Вот стоит гроб с усопшим императором, вокруг близкие ему люди, и даже мне разрешили подойти к гробу. Тут были все, с кем часто общался усопший император: князь Василий Андреевич Долгоруков — генерал от кавалерии, с 1853 г. — военный министр, стоявший, заломив руки за спину, опустив непокрытую голову. Под его глазами ярко выступили набухшие мешки. Я знаю его довольно хорошо как честного и верного слугу самодержавия. Несмотря на возраст, он оставался красивым, умным и честным человеком…

Граф, генерал от инфантерии и недоброжелатель поэта А.С. Пушкина Михаил Семёнович Воронцов не скрывал к тому времени седые волосы, белые бакенбарды и морщинки у губ. Его глаза под темноватыми бровями так и говорили: “Что же ждёт нас впереди? Что будет дальше?”

Своим богатырским ростом, чуть опухшим лицом выделялся граф Алексей Фёдорович Орлов, тот самый, с которым мне не раз приходилось работать, и в 1844-м, после смерти графа А.Х. Бенкендорфа, он — начальник III отделения и шеф корпуса жандармов. Орлов, как и все другие, соблюдал тишину, которую нам всем, казалось, настаивал держать покойный император.

Присутствовал также тоже бывший военный, управляющий III отделением и командир штаба Корпуса жандармов генерал Леонтий Васильевич Дубельт. Бледное лицо его и без того заметно посерело, и, будучи человеком сильной воли, в данный момент он закрыл глаза перчаткой. Именно он был последним дежурным у гроба императора Николая Павловича. Так он сидел у гроба, и мне со стороны оставалось только догадываться, о чём думает этот большой начальник: “При покойном императоре я из военных вышел в жандармы и так долго прослужил там, получив большие награды… Но что будет дальше? Пойду я на повышение или наоборот? На это пока никто не ответит…”

Так сухощавый Дубельт оставался сидеть у гроба, не двигаясь, словно изваяние… Какие-то дамы в чёрном покинули помещение, а это говорило, что красивый и сильный император Николай мог покорять сердце любой женщины… Дубельт долго смотрел на лицо покойника, а потом вдруг обратился ко мне, стоявшему в стороне:

— Меня последним дежурным выбрали… А я с вами давно знаком… Отчего же так непонятно скончался император? Не самоубийство ли это? А если не самоубийство, то есть основания думать, что императора убили.

— Не могу знать, Леонтий Васильевич! Но в России всякое бывает, самое невероятное. И мой внешний «двойник» вполне мог стать политической жертвой…
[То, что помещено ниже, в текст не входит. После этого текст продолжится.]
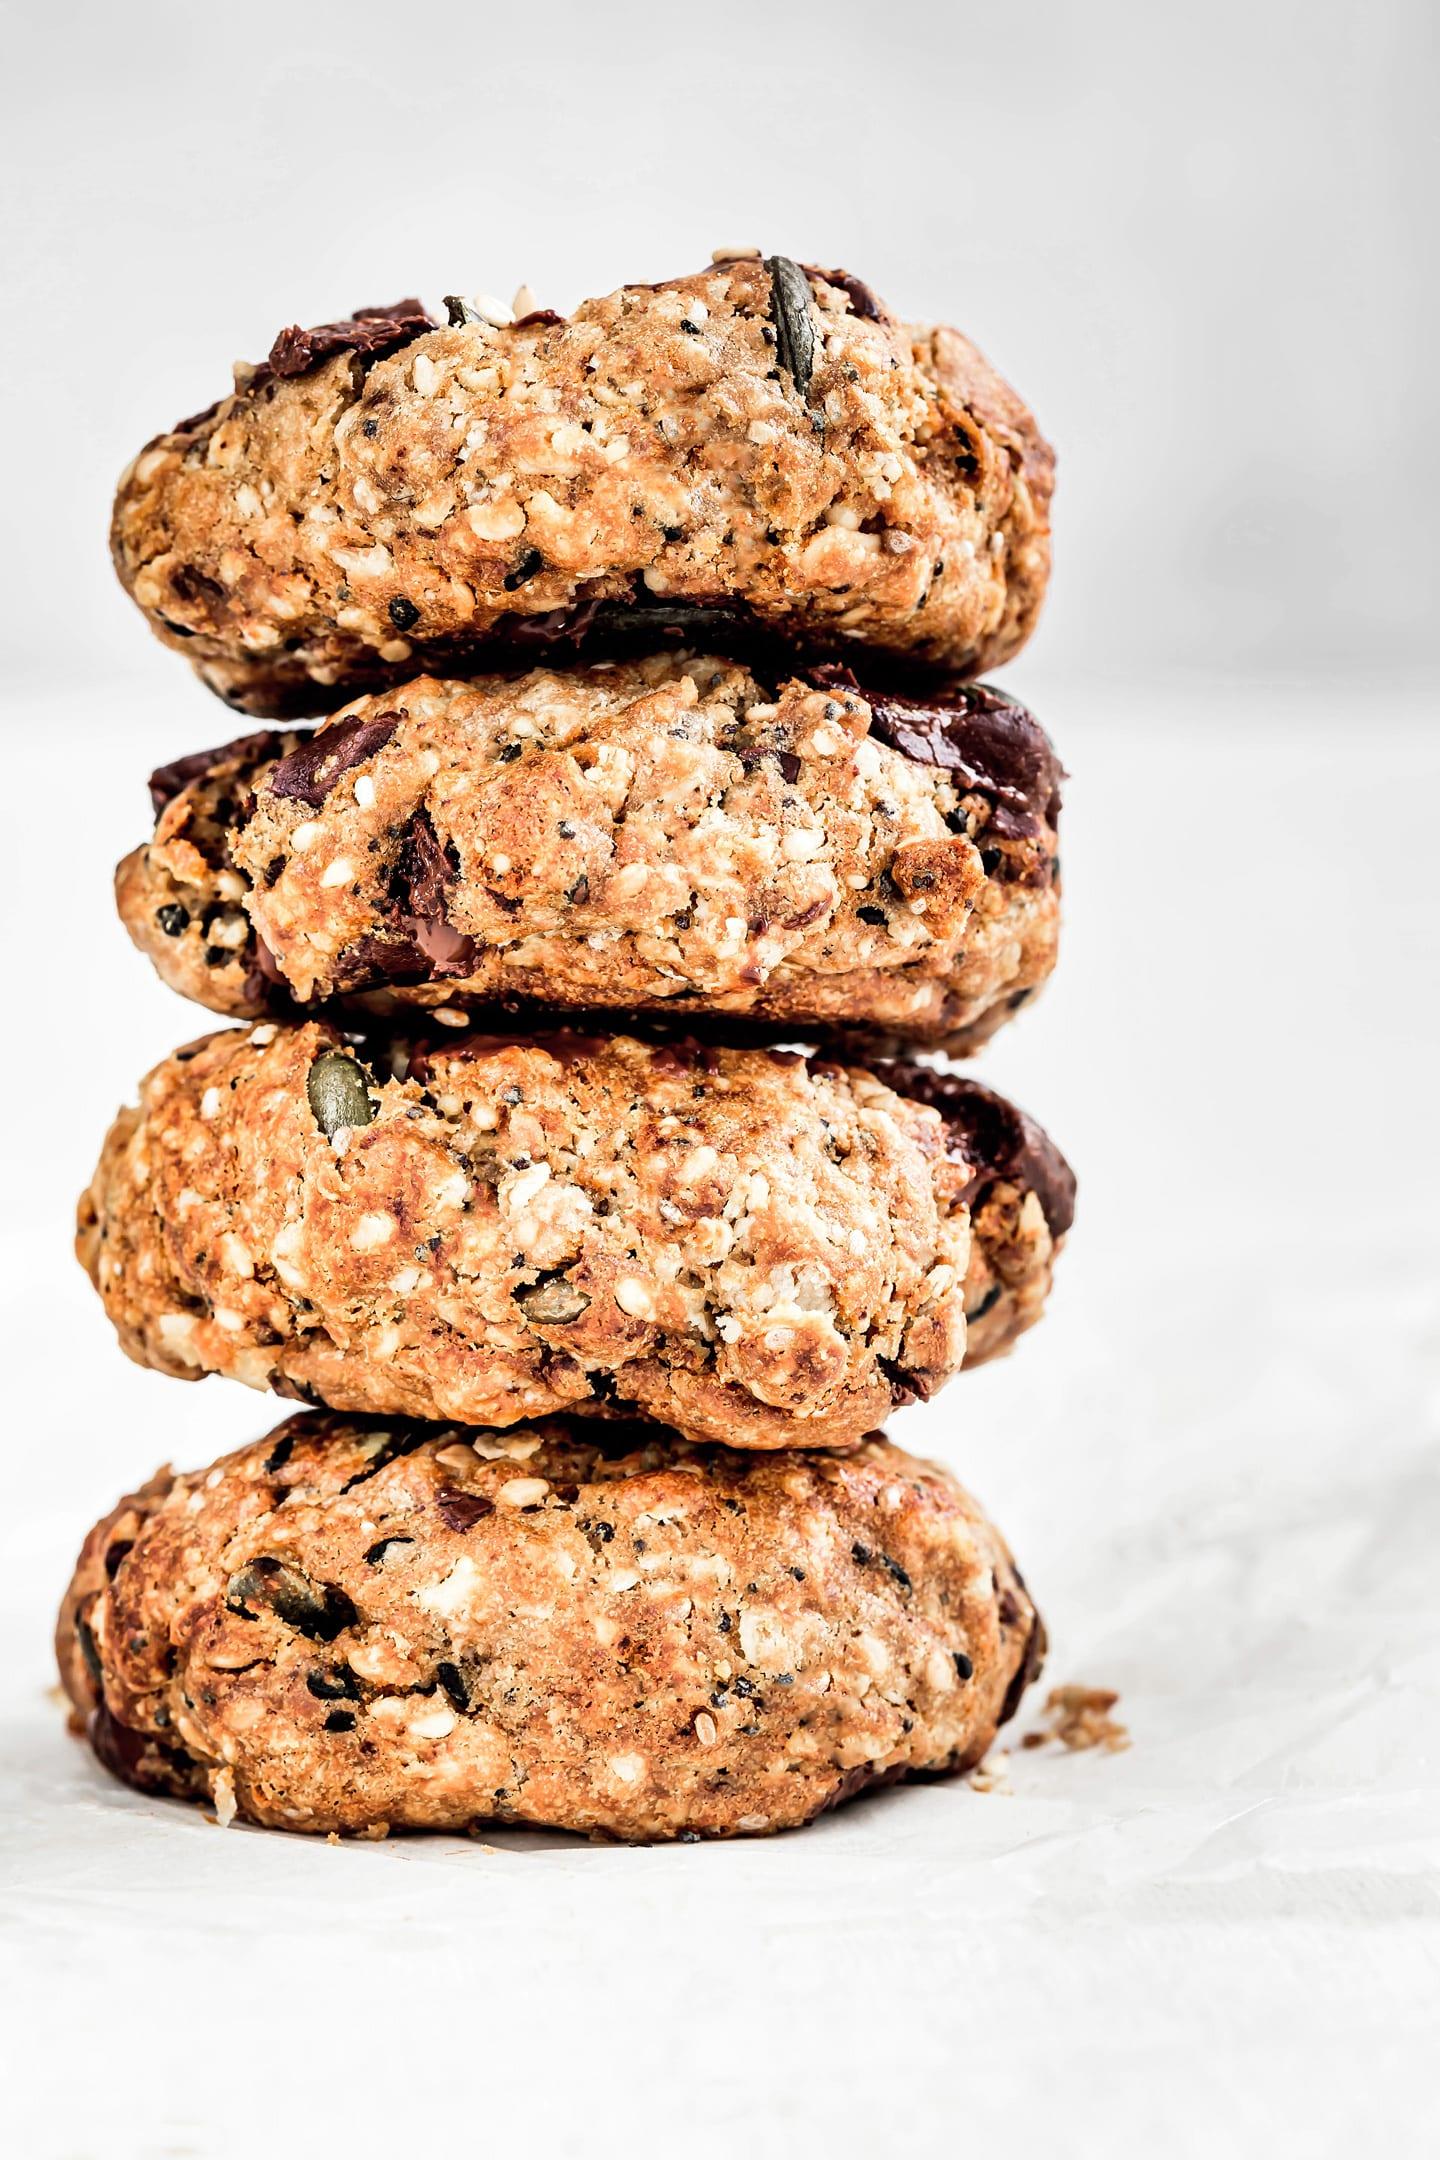 Cookies gourmands aux graines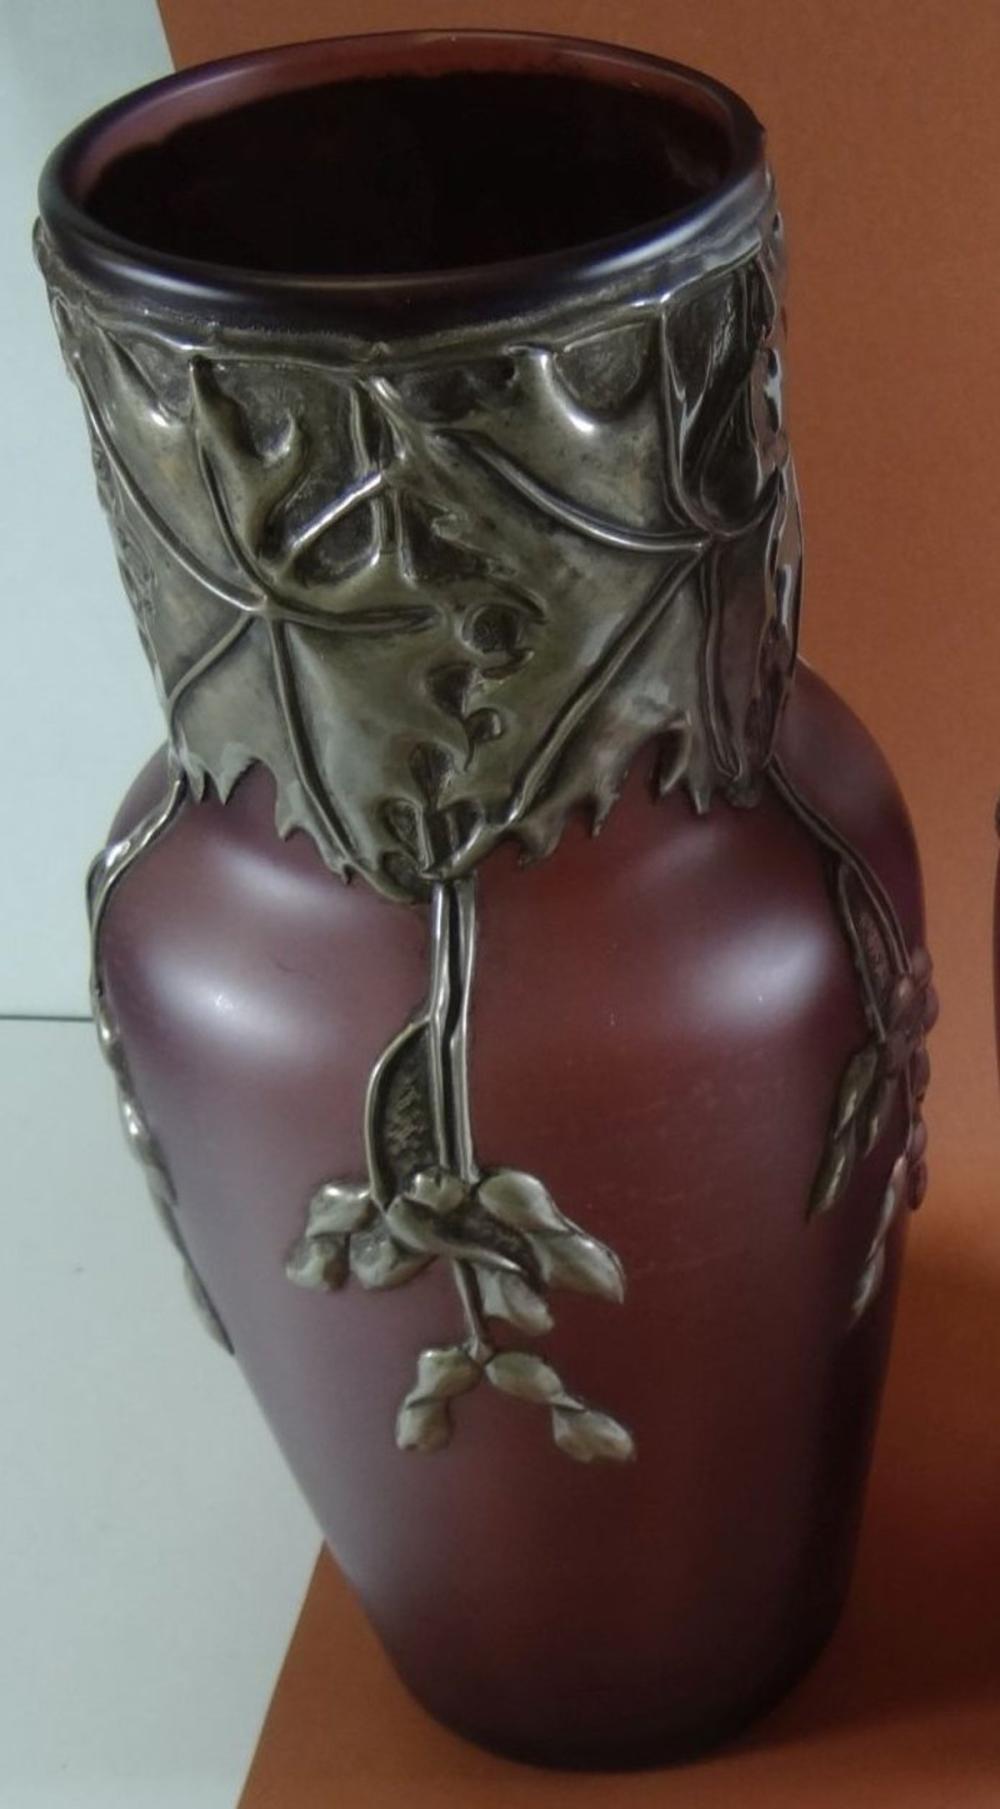 Jugendstil-Vase mit Zinnmontur, lila, Blätterdekor,

Дубельт остановил меня, приложив палец к губам, украшенным длинными усами:

— Что вы похожи на покойного императора, все знают, но говорить об этом не стоит: у сторонников бунта на Руси даже стены всё слышат…

Дубельт вздохнул и, закрыв глаза, опустил взор…»


ВЕТЕРАНЫ И «НОВЫЕ»



Г. Григоровин

«Я смело могу назвать себя «ветераном николаевского правления», так как поступил в Третье отделение сразу, как оно было создано, и висячий цепной мост близ него сразу понравился мне своей необычностью. Шеф — начальник Третьего отделения и корпуса жандармов граф А.Х. Бенкендорф производил впечатление умного, порядочного и честного человека. Я никогда не забуду его улыбку под светлыми завитыми усами, и чаще всего она появлялась, когда он видел «слабый пол». Страшная тяга к женщинам была его минусом. Как я когда-то рассказывал, страсть к женщинам роднила его с нашим недоброжелателем поэтом А.С. Пушкиным…
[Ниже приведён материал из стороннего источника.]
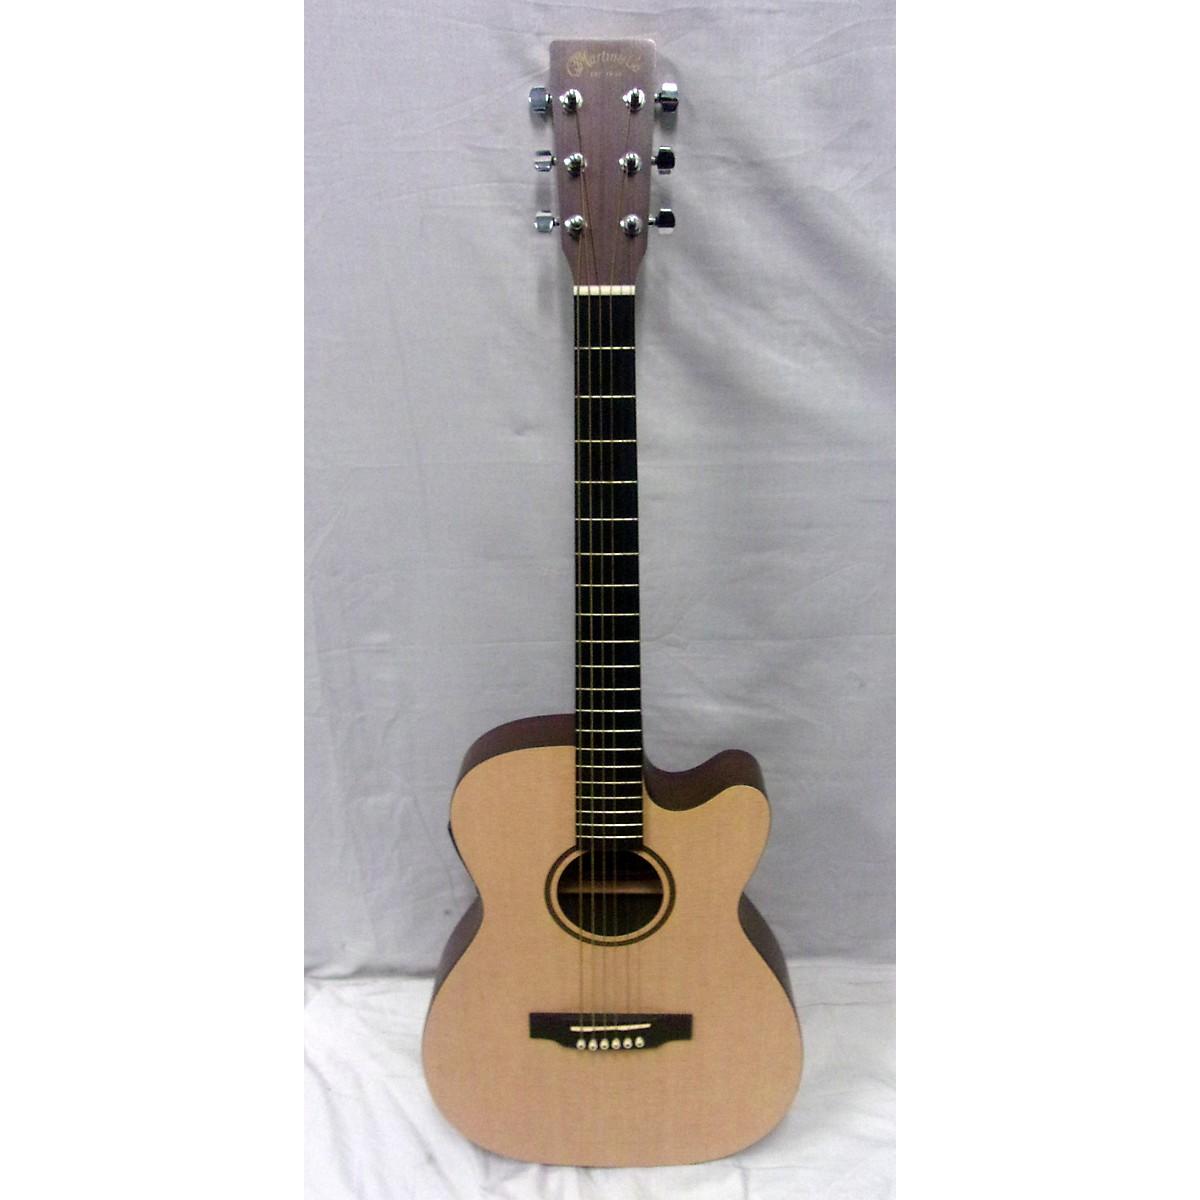 Martin 00cxrae Acoustic Electric Guitar

Однажды, шурша бумагами на секретере, шеф молчал. Потом резко нарушил тишину вопросом:

— Вы любите женщин, уважаемый полковник?

— Увы, ваше сиятельство, я холостяк и им останусь на всю жизнь… я так думаю, — ответил я.
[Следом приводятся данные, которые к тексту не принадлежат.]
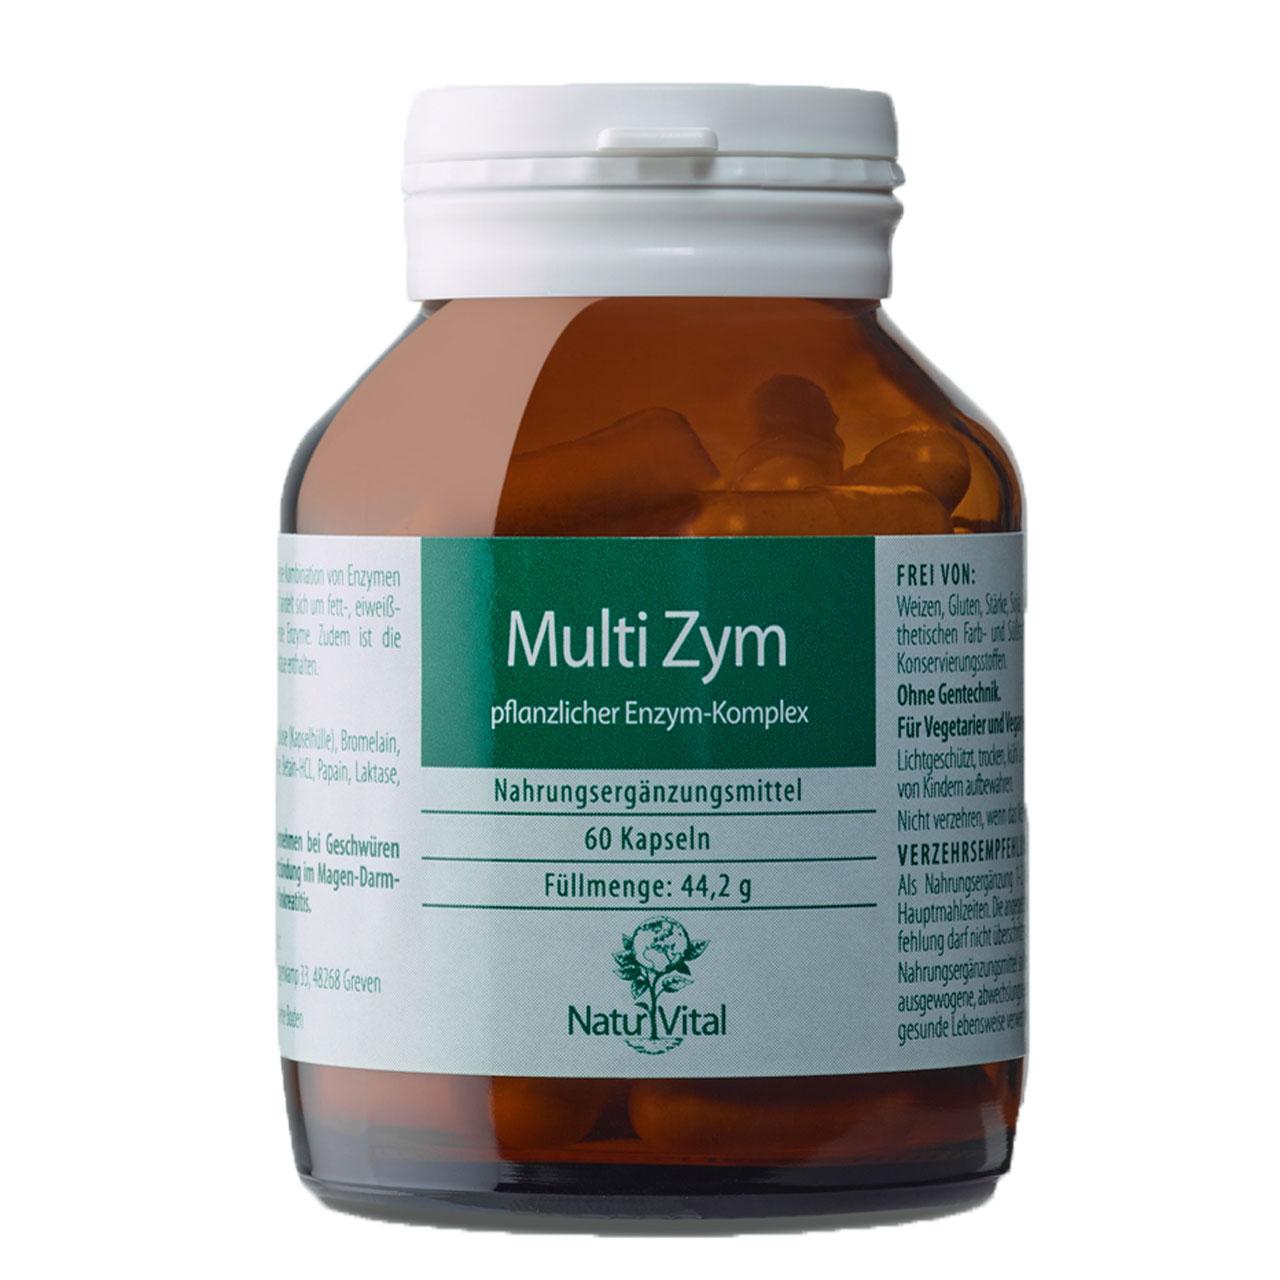 MultiZym Verdauungsenzyme, 60 Kapseln

— Напрасно. Вот, к примеру Дубельт Леонтий Васильевич так любит свою жену Анну Николаевну, что погибнуть за неё готов…

Речь Бенкендорфа оборвали шаги вошедшего в кабинет Дубельта, который, видно, слышал наш разговор, ещё подходя к дверям:

— Я всегда любил свою супругу даже больше службы, которую несу. В этом с вами может поспорить, Александр Христофорович, только друг ваш – граф Воронцов.
— Может, и так, — развёл руками Бенкендорф.

После смерти Бенкендорфа, отставки Орлова работа столкнула меня с новым шефом — князем Долгоруковым, он производил впечатление чисто военного человека, выдержанного, словом, настоящего русского интеллигента. Широкие скулы, небольшие усы и причёска “на бок”, спокойный взгляд умных глаз — вот первое впечатление, которое производил внешний облик Долгорукова. Он был относительно из “новых людей” русской жандармерии. Его сменил моложавый граф Пётр Андреевич Шувалов, и это было уже тогда, когда я с большим трудом ходил, опираясь на палку. Опущенные усы и немного прохладный взгляд подчиняли офицеров и рядовых сразу. Позднее Шувалов был назначен послом в Лондон. «Мы ещё не раз увидимся, полковник», — говорил он мне, стоя возле трапа корабля, готового из порта Петербурга отправиться в Англию.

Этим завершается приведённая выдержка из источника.